Given a fixed integer i > 0, U-Sleep defines a deterministic function \(f({\bf{X}}^{\prime} ;\theta ):{{\mathbb{R}}}^{T\cdot i\times C}\to {{\mathbb{R}}}^{T\times K}\) for any integer T > 0, where θ is a set of parameters learned from data, \({\bf{X}}^{\prime}\) is a (section of a) PSG record, T is a number of fixed-length segments with i sampled points each, C the number of PSG channels and K is the number of sleep stages. During training, \({\bf{X}}^{\prime}\) is typically a submatrix of a longer PSG X with \({\bf{X}}^{\prime} ={\bf{X}}[\{t,\ldots ,t+i\cdot T\},\{1,\ldots ,C\}]\) for some time point t. That is, U-Sleep takes a temporal section of a PSG and outputs a sequence of labels corresponding to fixed-length, contiguous segments of time (in principle, different output labels of U-Sleep could span different lengths of time, but we assume the typical case of fixed-length segments). The input \({\bf{X}}^{\prime}\) can be any length (augmented or cut to a multiple of i; ideally Ti ≥ 4096, because there are 12 pooling operations down-sampling the signal by a factor of 2 each). For instance, when we trained U-Sleep, \({\bf{X}}^{\prime}\) spanned 17.5 min of a PSG signal. When using U-Sleep to predict sleep stages in new data, the whole PSG is input to U-Sleep (i.e., \({\bf{X}}^{\prime} ={\bf{X}}\)), which computes the whole hypnogram at once.

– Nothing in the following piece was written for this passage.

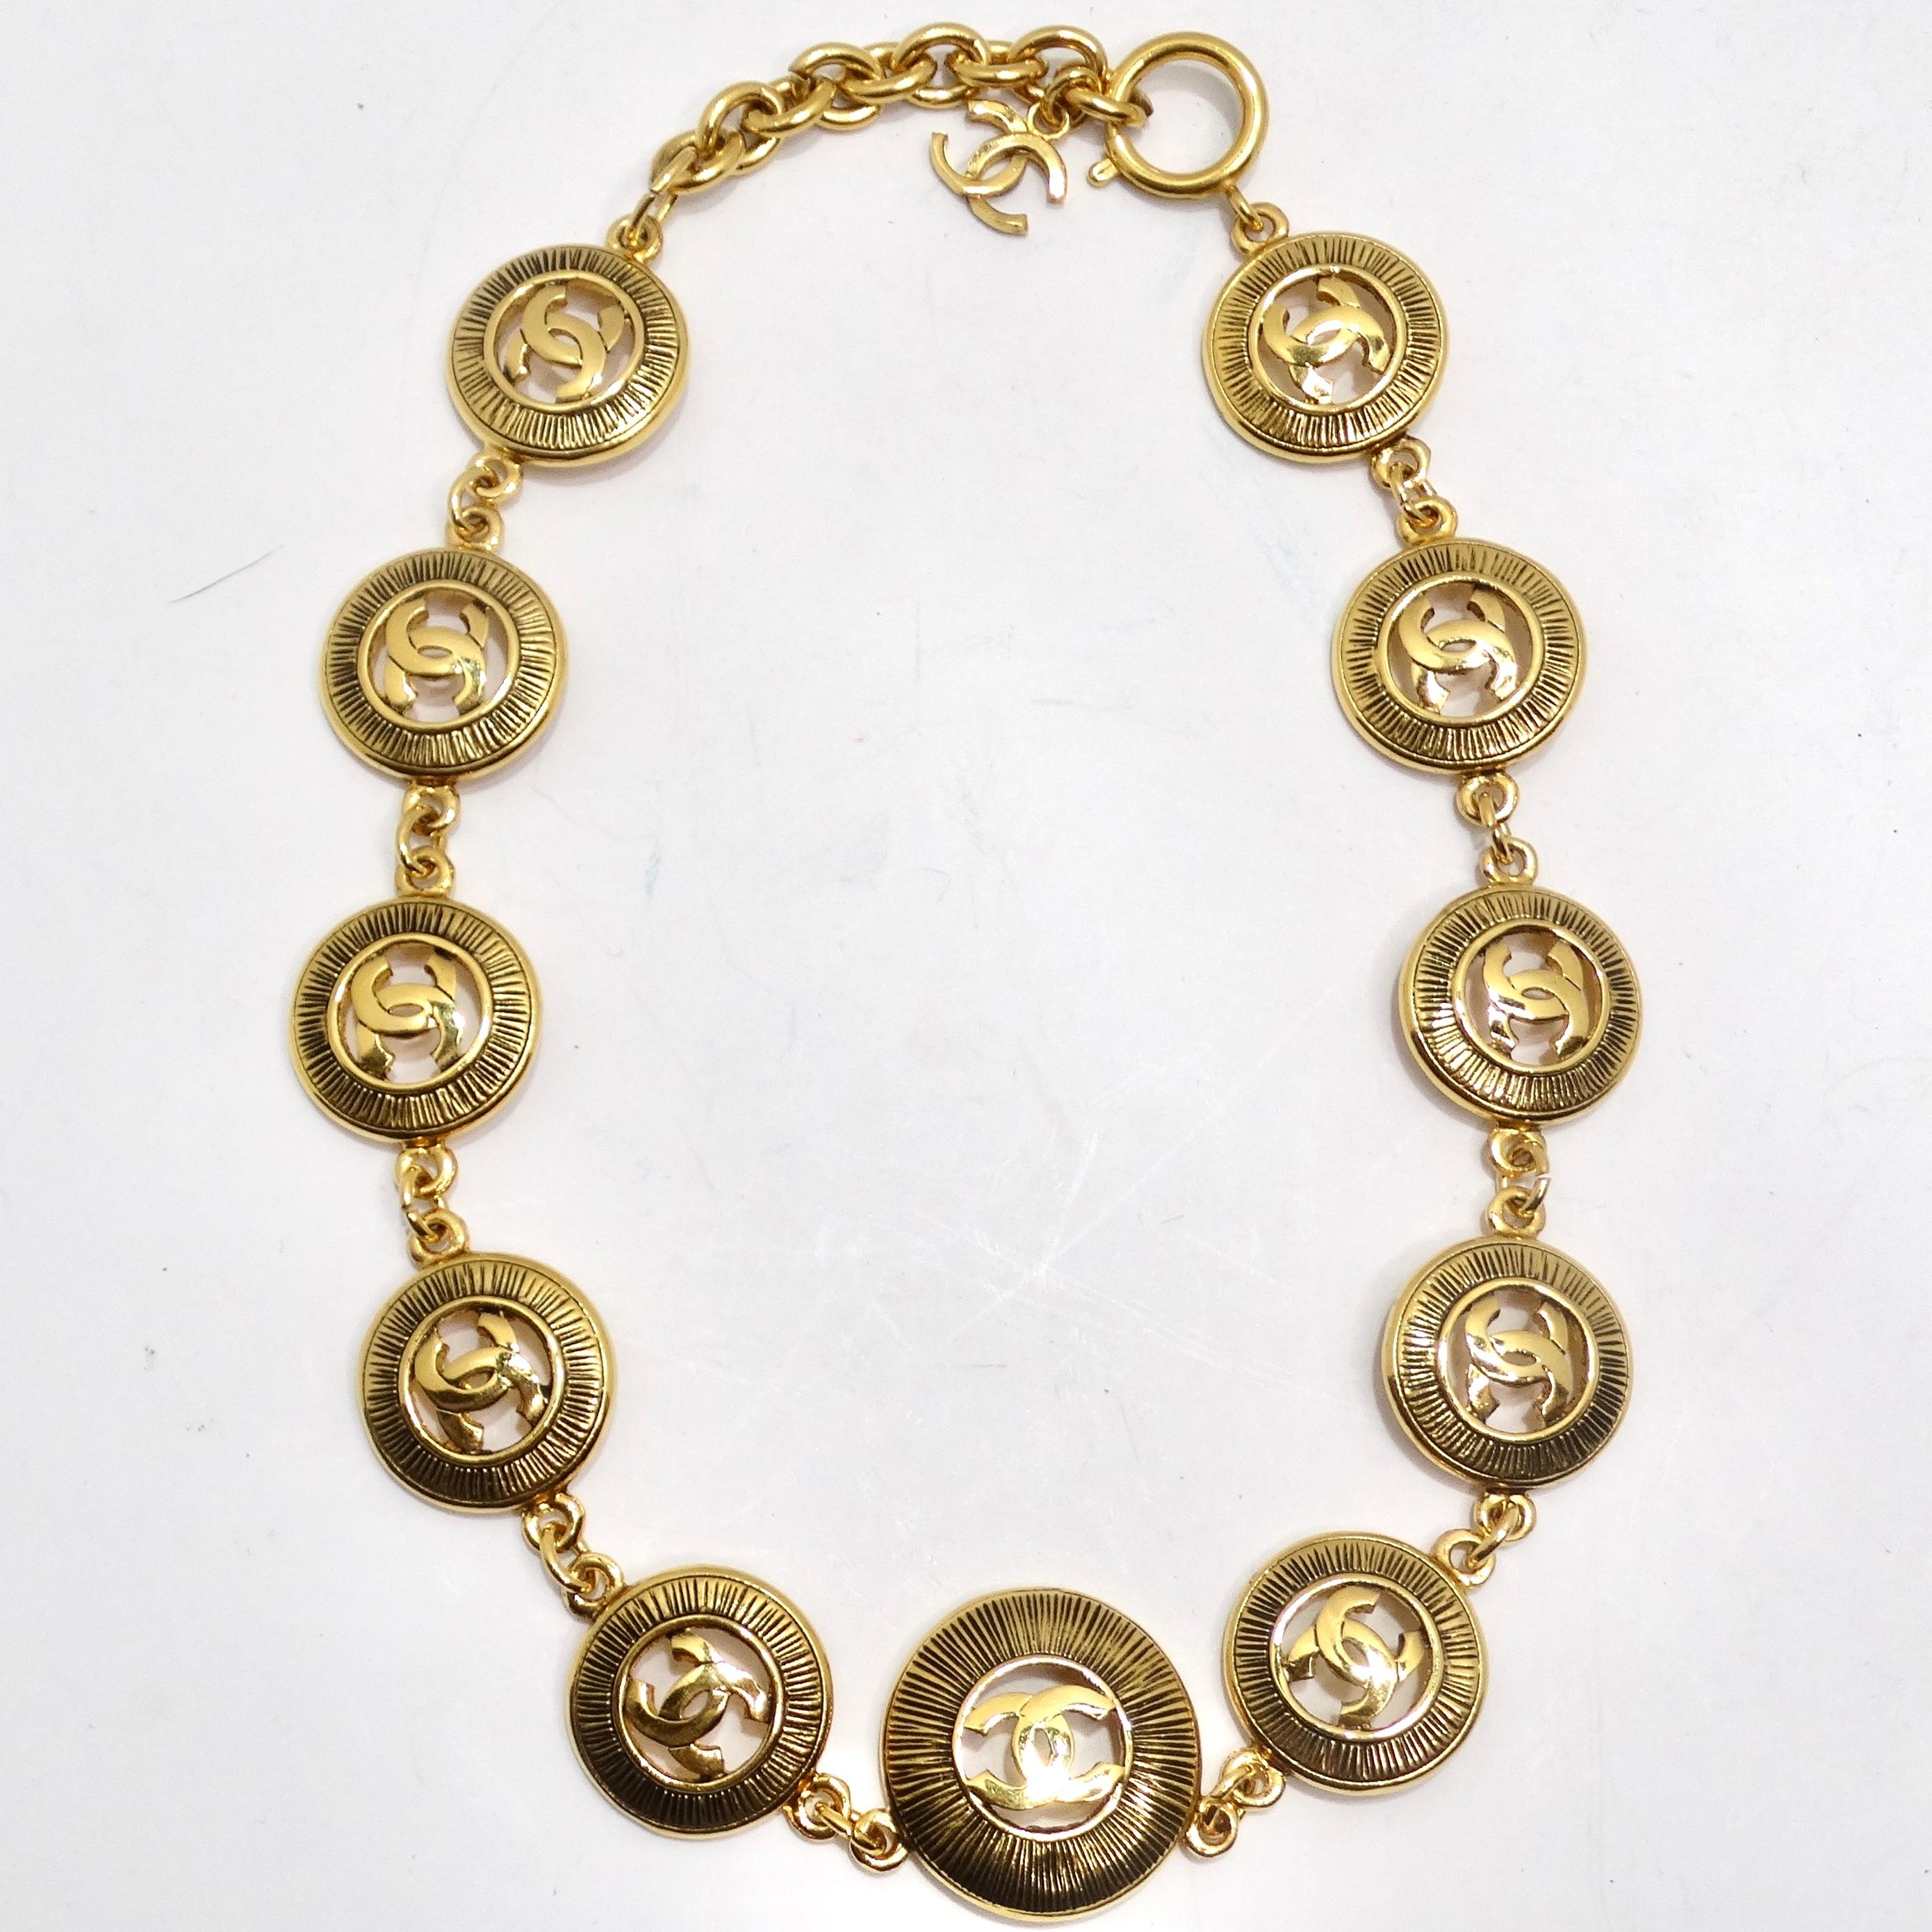 Die Chanel 1980s Logo Medallion Necklace ist ein atemberaubendes Stück Vintage-Eleganz. Diese Halskette besteht aus 11 vergoldeten Chanel-Anhängern mit CC-Logo und Sonnenschliff-Muster. Die ikonischen, ineinandergreifenden

The provided U-Sleep system requires at least two input channels (C = 2), one EEG and one EOG channel, respectively, sampled or re-sampled to 128 Hz. It assumes K = 5 different stages {Wake, N1, N2, N3, REM}.

Machine learning model

U-Sleep is a fully convolutional deep neural network refining its predecessor U-Time43, which we recently devised for time-series segmentation problems such as sleep staging (the differences between U-Sleep and U-Time are described below). In the following, we outline the U-Sleep architecture. We refer to Fig. 2 for a schematic overview and to Supplementary Table 2 for additional details on the configuration of the individual layers.

U-Sleep consists of three sub-modules: (1) An encoder module first extracts a deep stack of abstract feature maps from the input signals. Each extracted feature map has a lower temporal resolution compared to its input. (2) A decoder module then performs an up-scaling of the compact feature maps to match the temporal resolution of the input signals. The output of the decoder may be seen as a complex representation of sleep stages at a frequency matching the input signal. (3) A specially designed segment classifier module aggregates the intermediate, high-frequency output of the decoder into segments and predicts the sleep stages for these segments. For each segment, a confidence score is predicted for every possible sleep stage, which is interpreted as a probabilistic prediction by applying the softmax-function. Next, we describe the individual modules in more detail.

Encoder

The encoder module comprises 12 encoder blocks. Each encoder block consists of one convolutional layer (kernel size 9, no kernel dilation, stride 149), one layer of Exponential Linear Unit (ELU)50 activation functions, batch normalization51 and max-pooling (kernel size 2, stride 2). The number of learned filters cl in the l-th convolutional layer is \(\sqrt{2}\) times larger compared to the previous layer, starting with c1 = 5, that is, for l {1, . . . , 11} we have \({c}_{l+1}=\lfloor {c}_{l}\sqrt{2}\rfloor\) (this corresponds to a doubling of the degrees of freedom from one block to the next, which is less than in U-Net implementations).

Decoder

The decoder module consists of 12 decoder blocks. Each decoder block performs nearest neighbour up-sampling of the input with kernel size 2 (i.e., it doubles the length of the feature maps along the temporal axis) and applies convolution (kernel size 2, stride 1), ELU activation functions and batch normalization. The up-scaled input is then combined with the output of the batch-norm operation (i.e., before max-pooling) of the corresponding encoder block (in terms of temporal resolutions, e.g., the first decoder block matches the last encoder block). Then a convolution, non-linearity, and batch-normalization are applied to the stacked feature maps. Opposite to the encoder, the decoder scales down the number of learned filters by a factor of \(\sqrt{2}\) in each consecutive block.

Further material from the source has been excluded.